Oct

14

Springy Markets, by Nat Stewart

October 14, 2006 |

The other day while otherwise occupied, I found myself straightening a paperclip and wrapping it in a coil pattern around a ball point pen. The end result was a small, impressive looking coil spring.

Pressing it in my fingers a few times, (ok, more than a few) I started thinking about why a coil spring seems able to bounce back from greater pressure than strait wire, or wire bent in other configurations. My thought was, the pressure is more evenly distributed over a larger area, which creates less stress on any specific area, allowing the coil to handle more pressure before permanently deforming. Regardless, this sent me to the internet curious about the mechanics of coil springs.

This leads to Hooke's law which states that the amount by which a material is linearly related to the force causing the deformation. According to Wikipedia:

Hooke's law only holds for some materials under certain loading conditions. Steel exhibits linear-elastic behavior in most engineering applications; Hooke's law is valid for it throughout its elastic range (i.e., for stresses below the yield strength). For some other materials, such as Aluminum, Hooke's law is only valid for a portion of the elastic range. For these materials a proportional limit stress is defined, below which the errors associated with the linear approximation are negligible. Materials such as rubber, for which Hooke's law is never valid, are known as "non-hookean". The stiffness of rubber is not only stress dependent, but is also very sensitive to temperature and loading rate.

What would be the market's elastic range or elastic limit, and how would it be defined? Relative short term highs and lows come to mind. Perhaps distance off a reference point, like the opening range concept, or opening of week, or month, or yesterday's close, or x periods ago. Would the elastic range for markets be different depending upon if the market is being stretched in the direction of long term drift, or in Abelson's direction?

Are the elastic properties of market prices more similar to (using above examples) steel, aluminum, or rubber? If they're like steel or aluminum, how could the useful range appropriate to reversal trading applications be defined? If like rubber, what would be the equivalent of temperature and loading rate? Perhaps interest rates (or change in rates) and a measure of rate of price change?

If one can identify or approximate the elastic range, where would be ideal buy/sell points? Too far out, and risk price exceeding the elastic limit. Too close, and one suffers though the trough of the elastic range, perhaps selling to soon out of relief, missing the upward spring. Never a perfect balance, however.

If the analogy is at all valid, are there different time scale coil springs in the market? For example, if a short term (small) coil has exhausted its elastic limit, but the intermediate range (large) coil is still within its elastic limit, would this have any impact on how to manage positions? Would such thinking risk, "turning that short term loser into a position trade" which all books say is a bad idea. Is it? If not, or if so, by what criteria?

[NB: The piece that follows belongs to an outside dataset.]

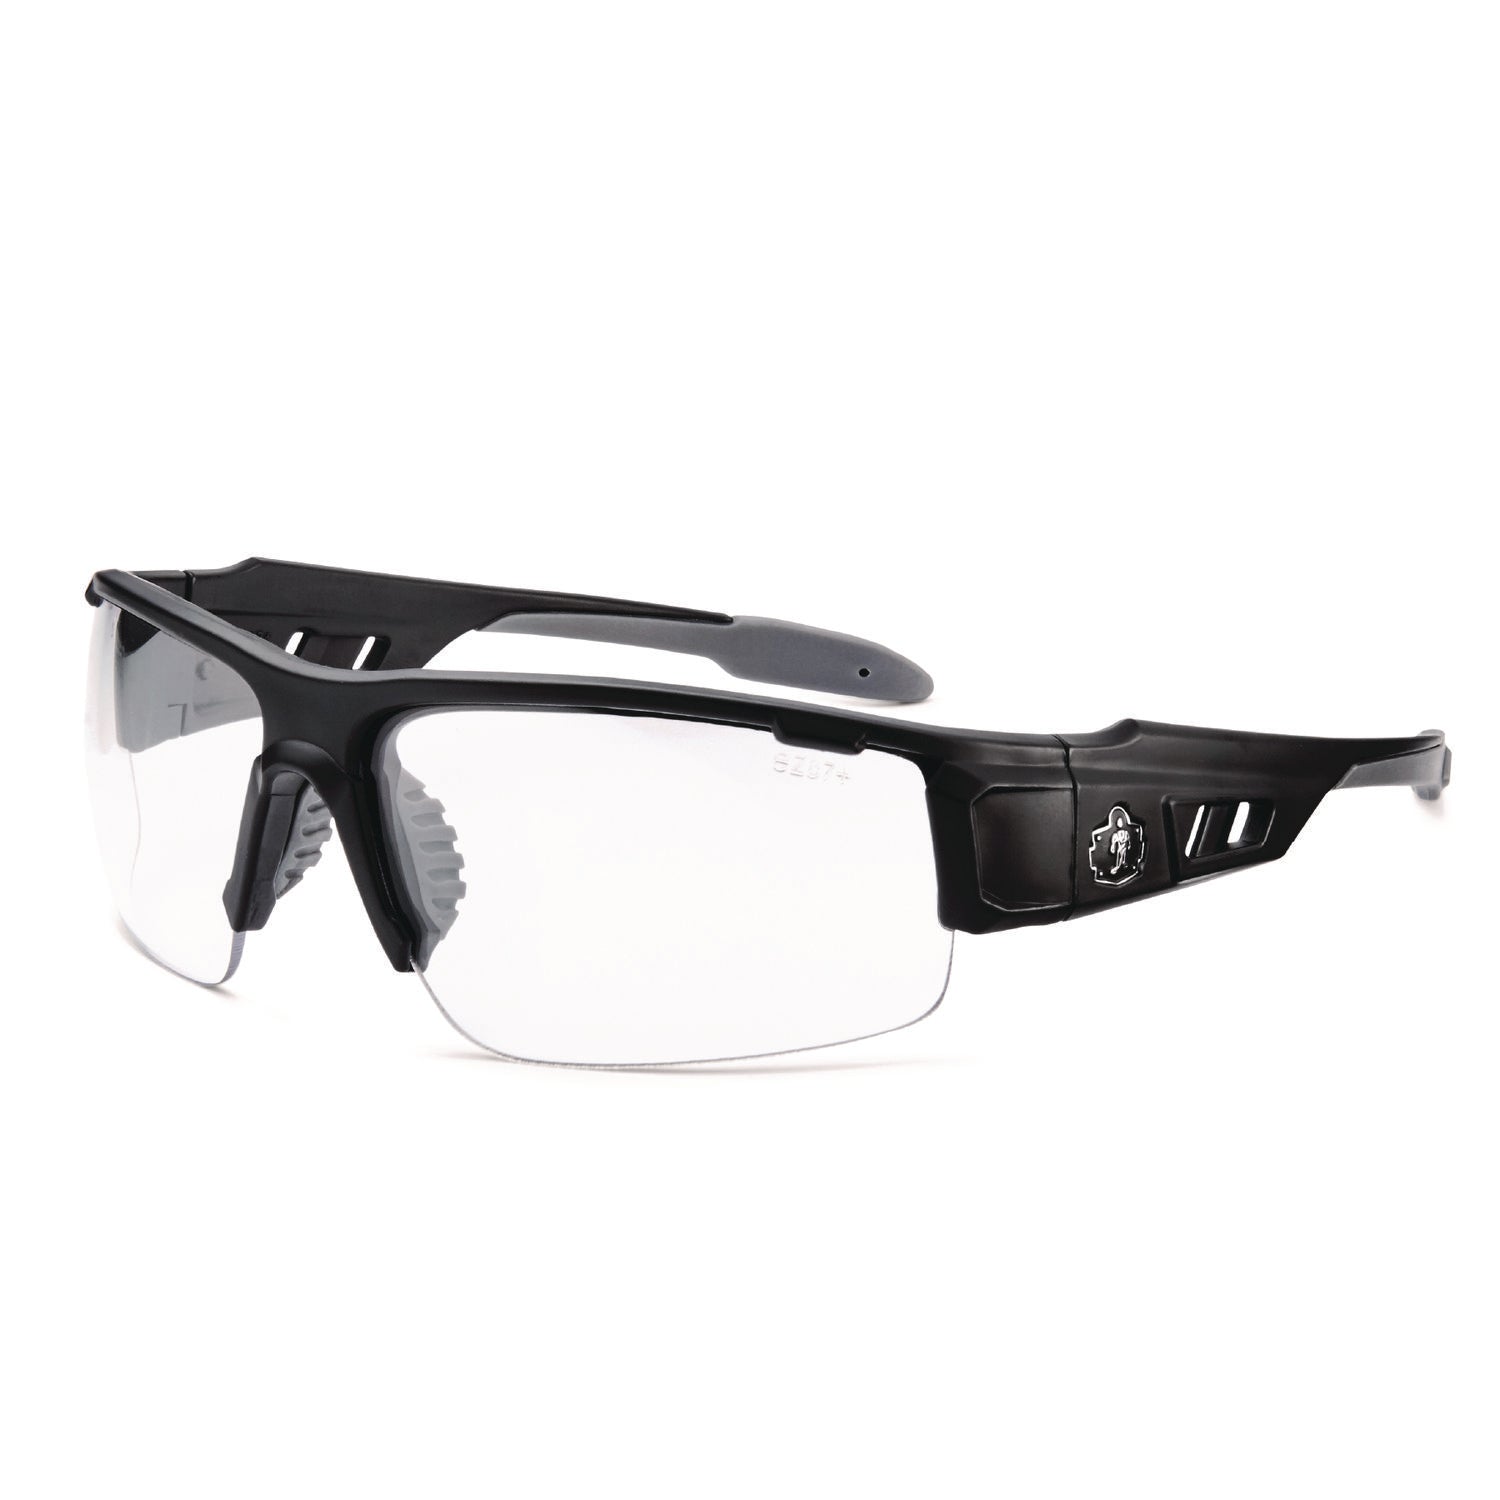 skullerz-dagr-anti-scratch-and-enhanced-anti-fog-safety-glasses-black-frame-clear-polycarbonate-lens-ships-in-1-3-bus-days_ego52005 - 1

If one turns the coil spring on its side and traces the up and down pattern, it makes a perfect cycle of highs and lows. If one were to pull the most recent coil beyond the elastic limit, the horizontal distance would increase, and the extremes would fail to meet the extremes of previous coils. Over specific durations of time, is there an expected periodicity between short term highs and lows based prior highs and lows? If such highs or lows have not been made within a calculated 'elastic range" does this anticipate a change in cycle, or an anticipated move beyond the recent elastic limit?

If one finds oneself in a trade that relative to intended time horizon has exceeded the expected elastic range, would shifting exit horizon or targets yield a better result?

Ryan Maelhorn responds:

If you stretch a coil spring too far it essentially becomes worthless. It turns back into mere wire. The 1999-2000 bubble could be seen as a ruining of the coil that took years to "fix." Price is what separates the elastic range of stocks. Stocks under $0.10 can gain or lose 500% in a single day, whereas the DJIA is said to have a huge rally if it climbs 3%. Also, if you pull the coil out somewhat and let it go, it will not only go back to its natural state, but compress slightly, and then stretch out just a tad before coming to rest. When penny stocks lose 50% or so from the open of the day, usually there will come a time during the day when they will bounce back slightly, perhaps as much as 20%, before continuing their decline. A move you wouldn't even see if you were only looking at daily price bars.